Growth rates look largest off a small base. A 100,000 to 110,000 jump and a 100,000,000 to 110,000,000 jump are both 10 percent on very different absolute bases.

  • The calculator does not separate organic growth from acquired growth. A revenue jump driven by an acquisition is real revenue, but it is not a fair comparison to a quarter where the business grew on its own.
  • The annualized rate assumes the comparison window is representative. A launch quarter, a holiday spike, or a one-time contract can make the annualized result overstate or understate the steady-state pace.
  • The doubling time uses the rule of 72, which is an approximation. For precise doubling estimates, use the same CAGR formula directly and solve for the time it takes revenue to grow by a factor of two.

The calculator is a starting point for the conversation, not a forecast. The total growth rate and the annualized rate can move in different directions for short windows, so read both before reacting.

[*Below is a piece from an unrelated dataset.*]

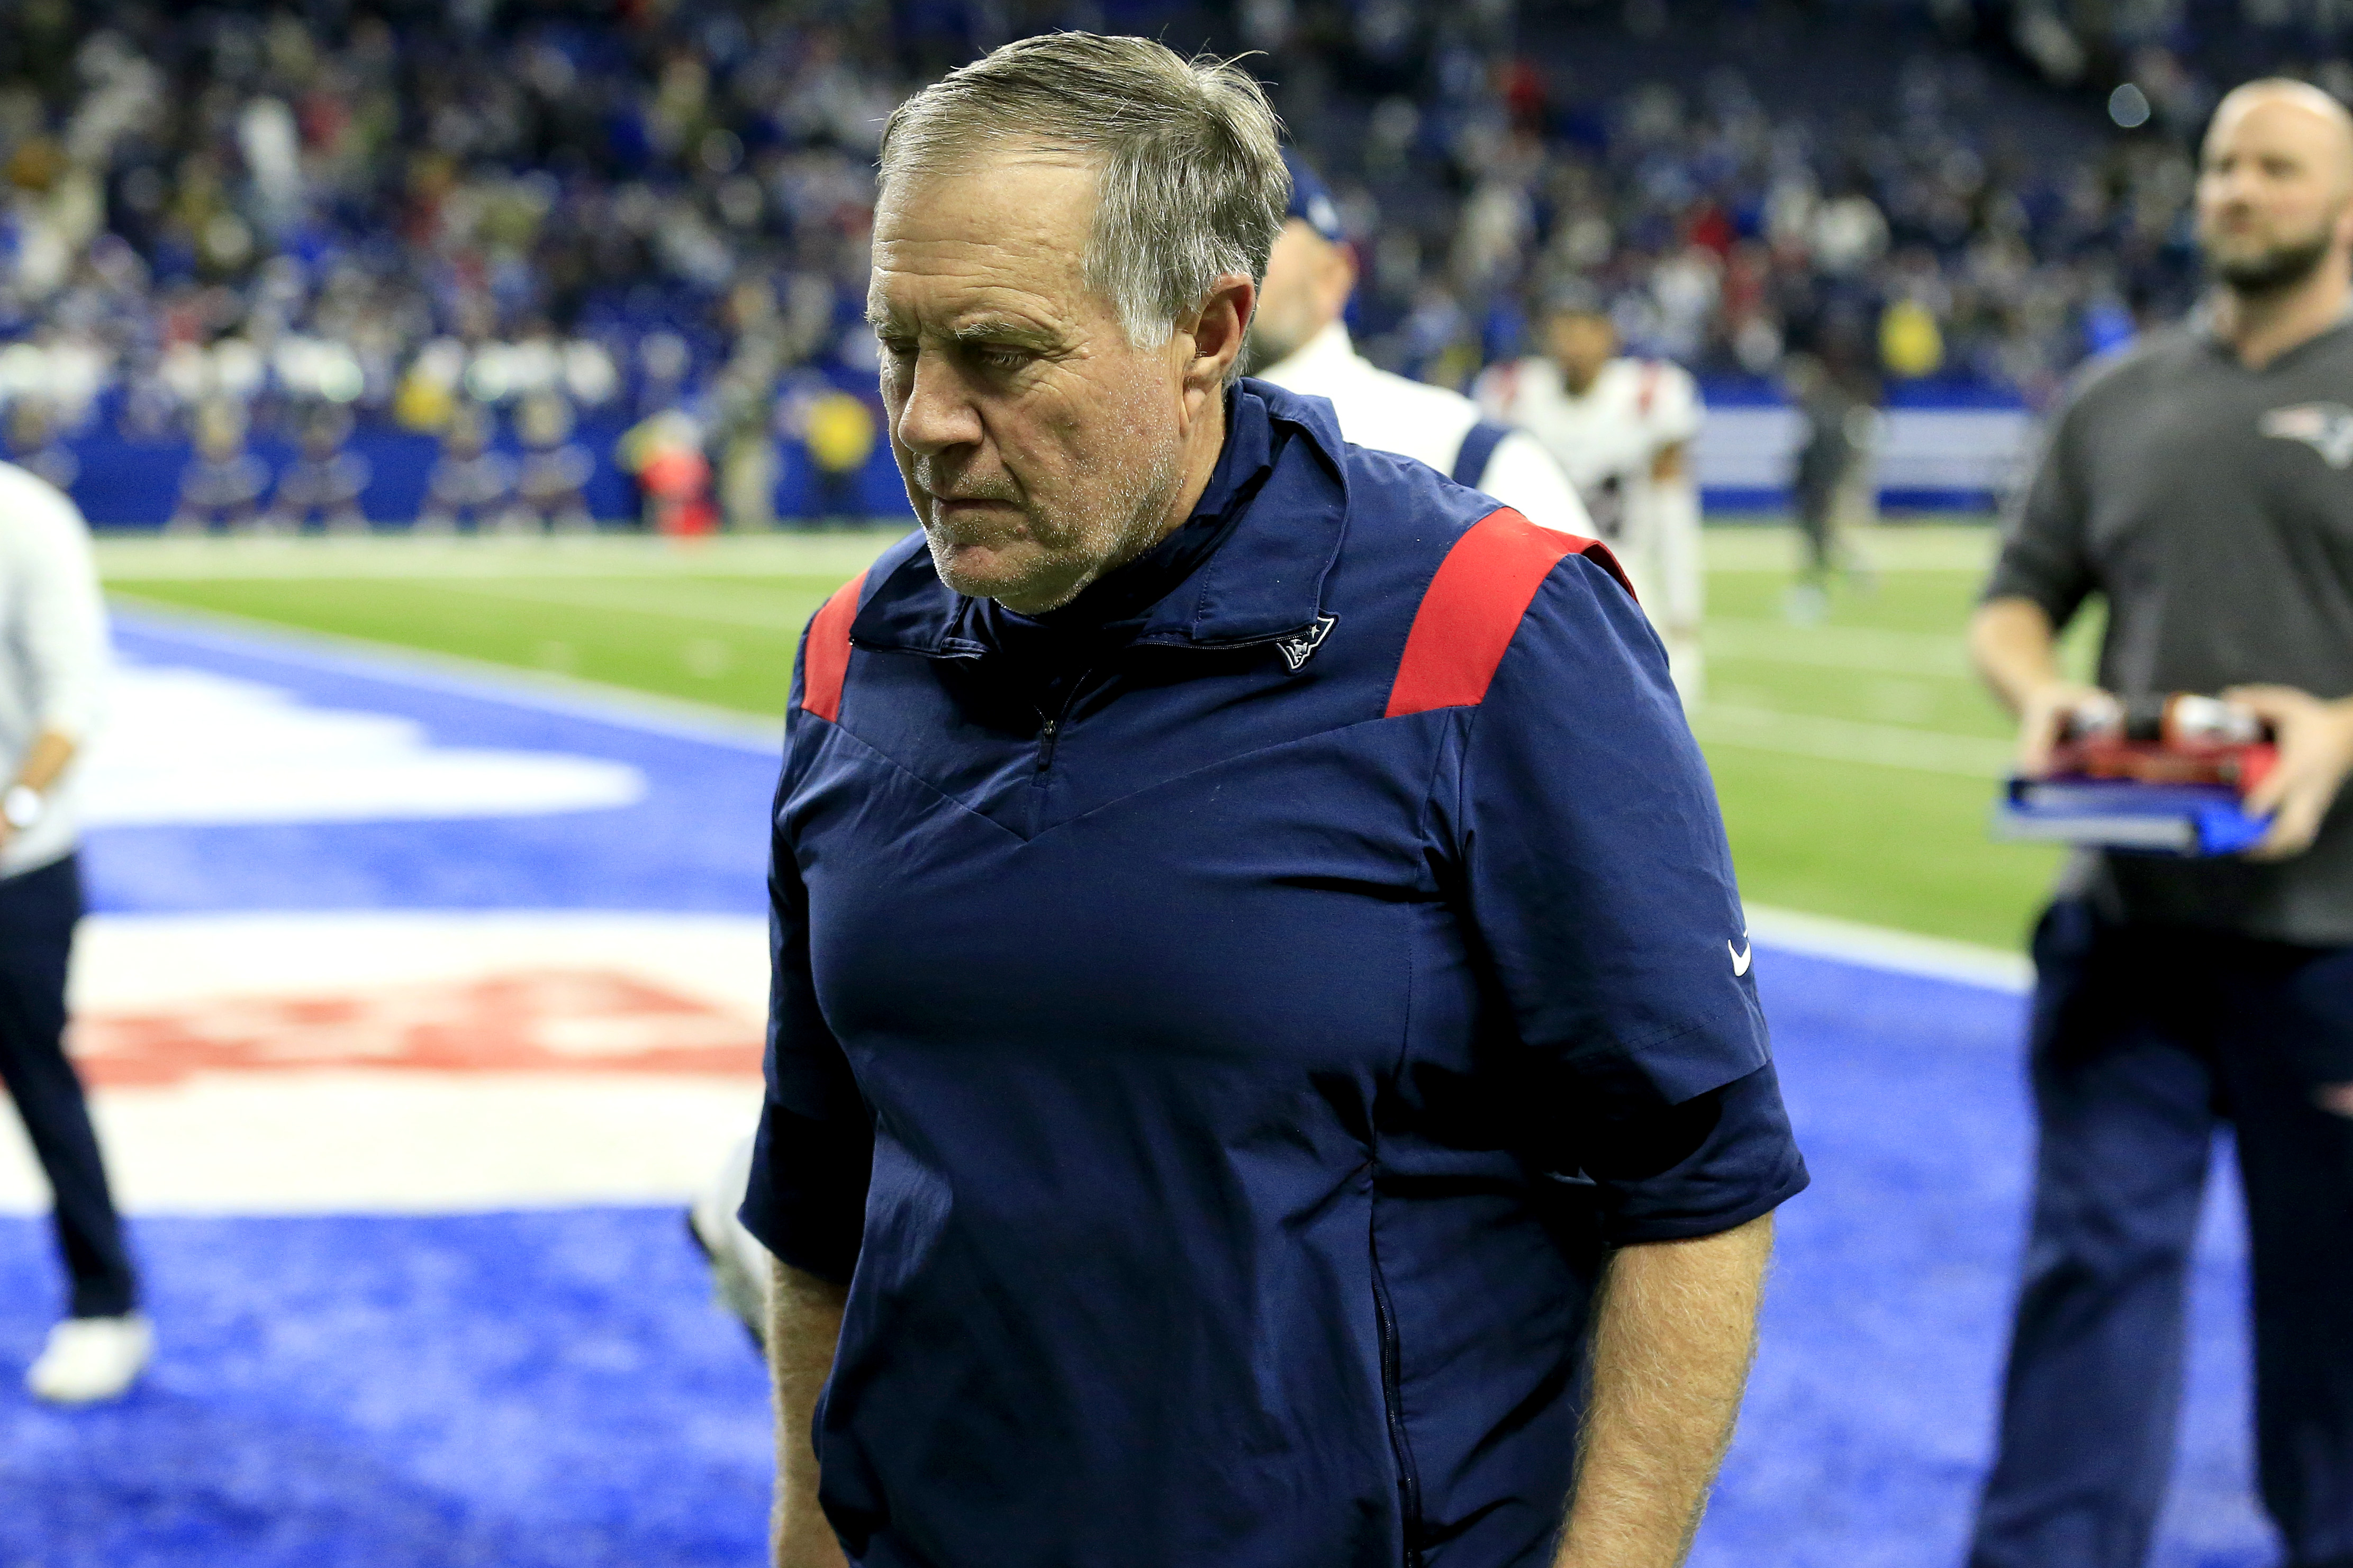 Bill Belichick walks off the field after his Patriots lost to the Colts Saturday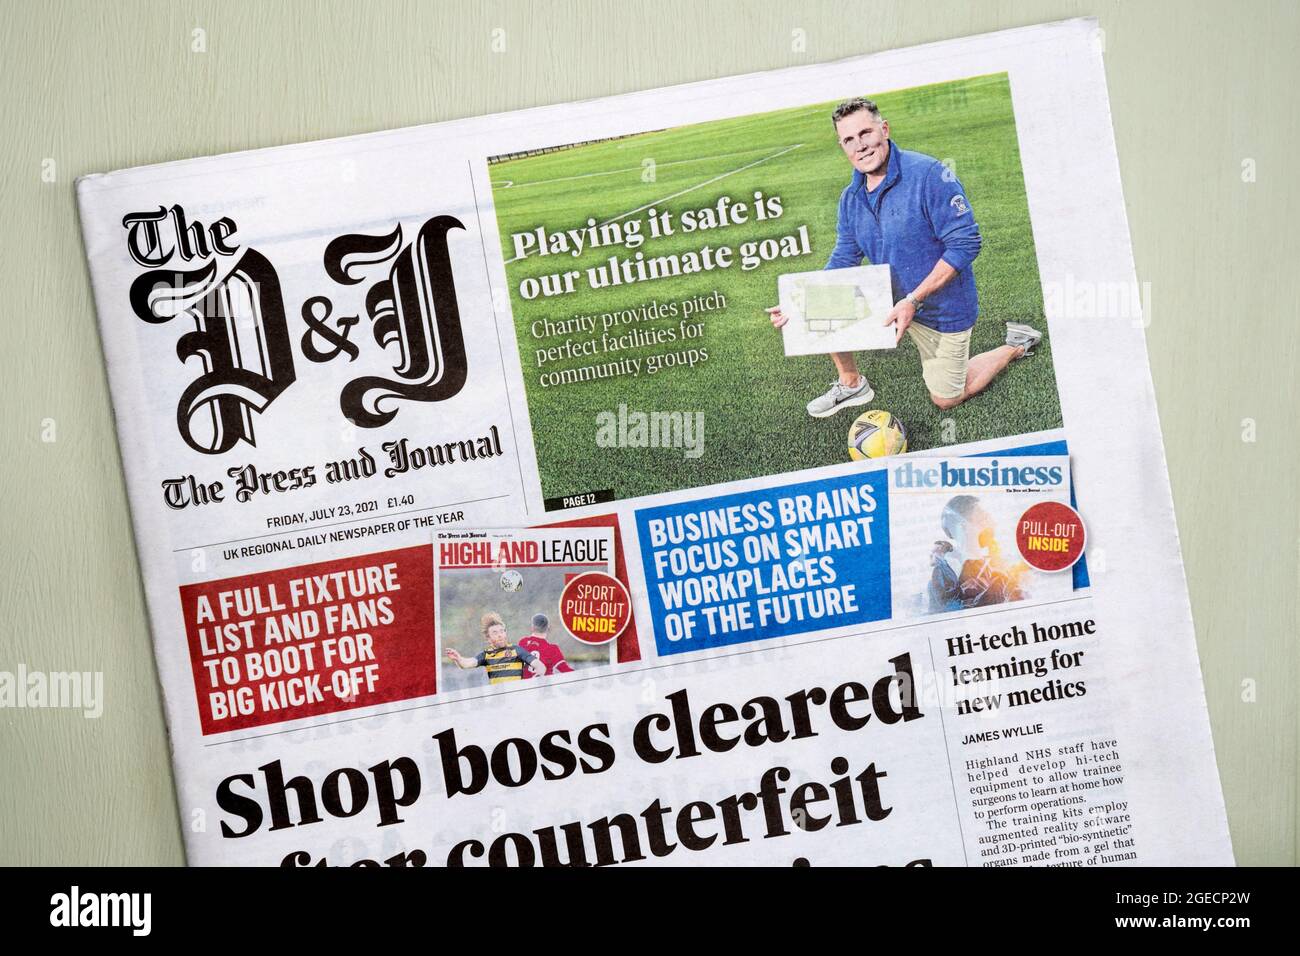 The Press & Journal is Scotland's oldest daily paper - established in 1747. Stock Photo

According to Investopedia, revenue growth rate is the percent change in revenue between two periods and is calculated by subtracting the earlier period from the later period, dividing by the earlier period, and multiplying by 100

According to Investopedia, the rule of 72 estimates doubling time by dividing 72 by the annual growth rate expressed as a percentage

When the goal is to compare several periods of growth on equal footing, the Average Return Calculator turns a list of growth rates into a single average return for trend reviews.

revenue growth calculator comparing starting and ending revenue, period rate, annualized CAGR, growth factor, doubling time, and next-period projection
revenue growth calculator comparing starting and ending revenue, period rate, annualized CAGR, growth factor, doubling time, and next-period projection

Frequently Asked Questions

Q: How do I calculate revenue growth rate?

A: Subtract the starting revenue from the ending revenue, divide by the starting revenue, and multiply by 100. The calculator also returns the annualized CAGR, the absolute change, and the next-period projection.

Q: What is the difference between total and annualized revenue growth?

A: Total revenue growth is the percent change over the full window. Annualized revenue growth (CAGR) is the steady yearly rate that would connect the starting value to the ending value.

Q: How do I annualize monthly or quarterly revenue growth?

A: Pick the right period frequency in the calculator. The calculator raises the growth factor to the power of 1 divided by elapsed years, then subtracts 1 to get the annualized rate.

Q: Can revenue growth be negative?

A: Yes. When the ending revenue is below the starting revenue, the calculator returns a negative total growth, a negative CAGR, and labels the result as Contraction.

Q: Is revenue growth the same as profit growth?

A: No. Revenue growth measures the top line, while profit growth measures what remains after costs, operating expenses, taxes, and interest. A business can grow revenue and still post a profit decline.

Q: How do I project next period revenue from the current growth rate?

A: Multiply the ending revenue by the same period-over-period growth factor. The calculator does this automatically and labels the result as Projected Next Period.